Economics: perf/W, cost structure, and where savings accrue

The economic thesis is straightforward. GDDR7 reduces memory $/GB versus HBM and sidesteps interposers and HBM stack attach. That lowers package cost, increases assembly throughput, and concentrates silicon budget on compute and register files—the elements that move prefill math. For long-context inference, the result is higher perf/W and FLOPS-per-dollar on the phase where most cycles are spent, with decode preserved on HBM for latency and bandwidth.

In practice, savings show up in three places: the memory bill of materials (more GDDR7, fewer HBM stacks purchased per unit of prefill work), cooling (liquid loops right-sized to lower prefill node heat flux), and network topology (fabrics aligned to KV-cache and activation movement rather than brute-force all-to-all). NVIDIA’s own framing and third-party system analyses converge on the same point: CPX complements, rather than replaces, bandwidth-first decode parts, and that complement unlocks rack-level efficiency gains without sacrificing end-to-end latency (NVIDIA developer blog).

Supply chain and capacity considerations

HBM availability and pricing have constrained many AI build-outs. CPX’s GDDR7 orientation opens a parallel supply channel through commodity DRAM ecosystems and mainstream OSAT flows. That spreads risk away from HBM stack yields and interposer capacity, letting buyers scale prefill capacity even when HBM remains the bottleneck. The implication is a more elastic capacity curve: prefill can expand with demand and budget, while decode stays gated by HBM and fabric availability (SemiAnalysis).

Coordination still matters. If workloads skew shorter, CPX utilization will dip; if contexts run longer than planned, decode pressure rises. These are planning problems, not architectural flaws, and they push operators toward finer-grained telemetry, adaptive batching, and explicit prefill routing in their schedulers.

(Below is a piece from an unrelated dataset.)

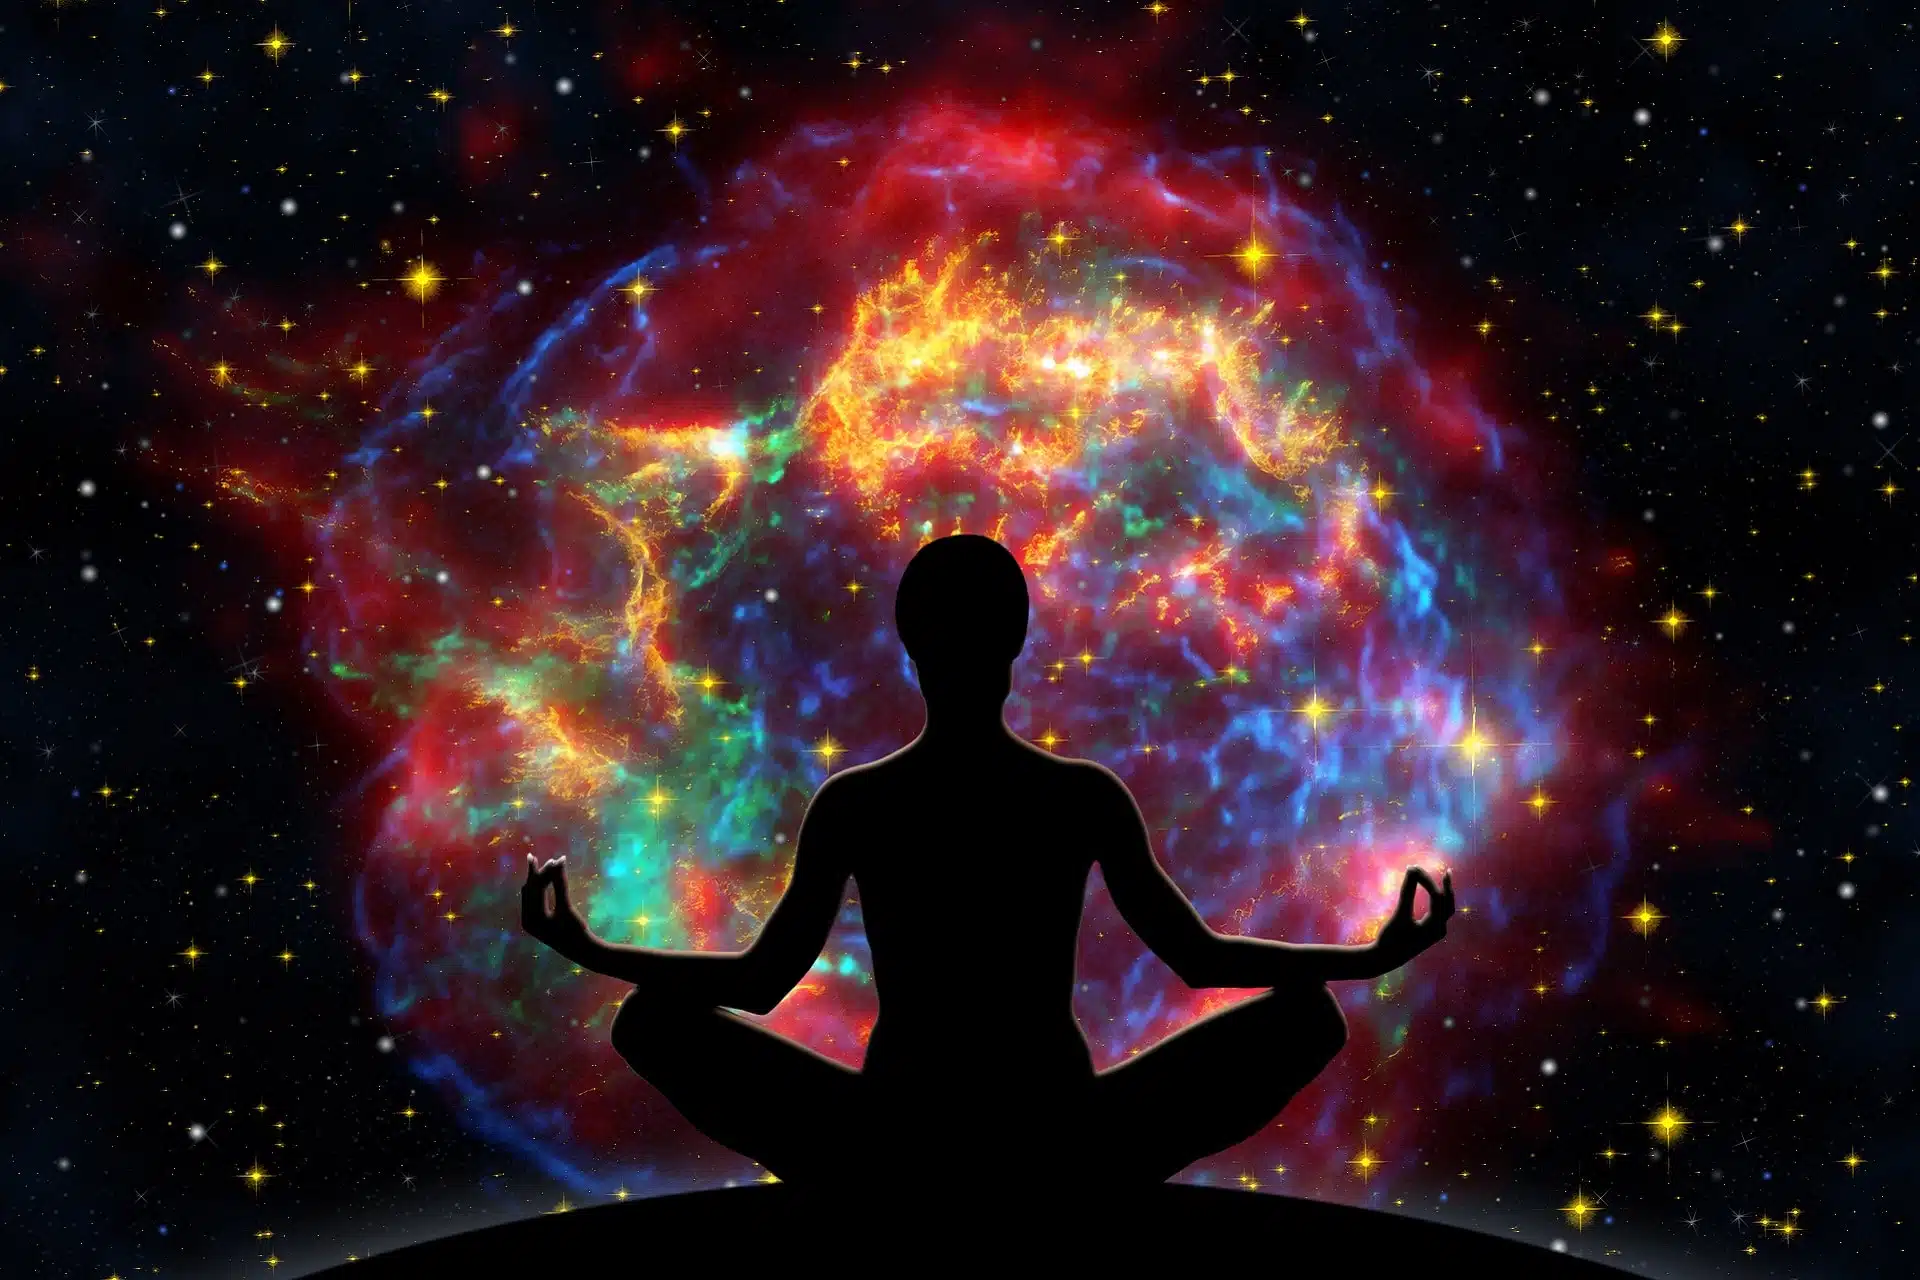 Female yoga figure against universe background with Supernova explosion.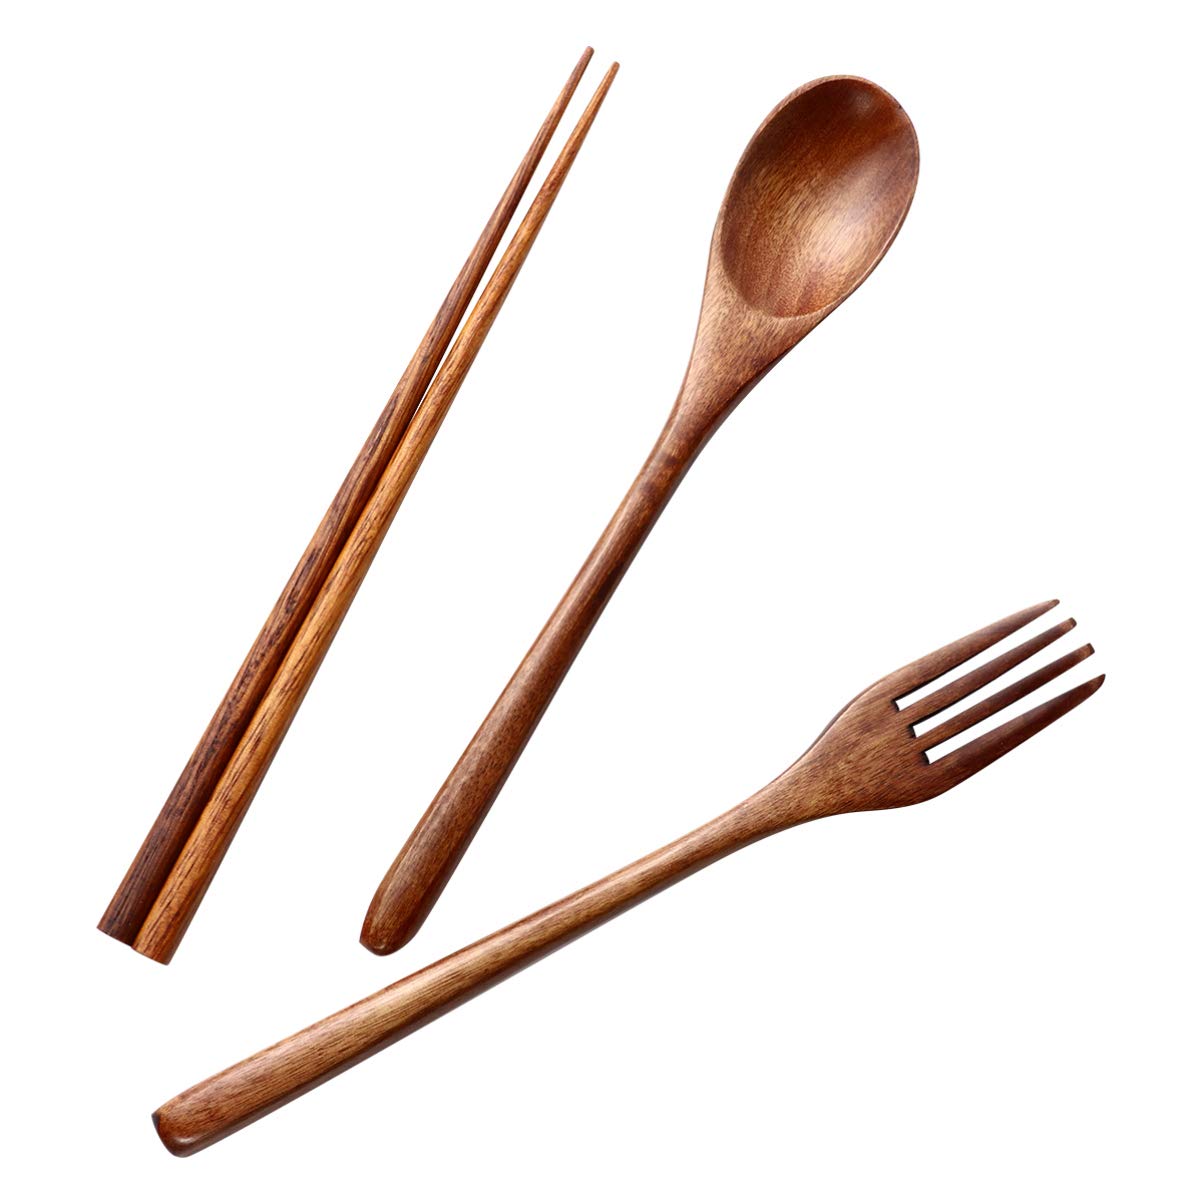 Hemoton 6 Pcs Wooden Flatware Tableware Cutlery Set Travel Utensils Wooden Fork Spoon Chopsticks Reusable Flatware Utensils for Kitchen Dinning Table

Adoption outlook: where Rubin CPX lands first

Early deployments will target products where context length is a differentiator: code assistants over large repositories, retrieval-augmented systems with deep histories, and multimodal agents that span hour-scale audio/video. As pilots demonstrate utilization and scheduler maturity, hyperscalers will tune their CPX-to-decode ratios by observed context distributions and SLOs. The near-term draw is obvious: lower HBM exposure during prefill, better perf/W where the cycles accrue, and a rack SKU that mirrors how long-context inference actually runs at scale (SemiAnalysis).

Looking ahead, expect CPX-aware scheduling features to surface in mainstream inference stacks and for cloud providers to expose instance types or cluster profiles that call out prefill capacity explicitly. As second-wave racks arrive and operators gain confidence in utilization models, prefill-optimized nodes should take a growing share of incremental inference capex for long-context services. If HBM supply tightness persists beyond initial rollouts, CPX-like designs will likely propagate across vendors, cementing a two-tier topology where compute-dense GDDR nodes and bandwidth-dense HBM nodes scale semi-independently.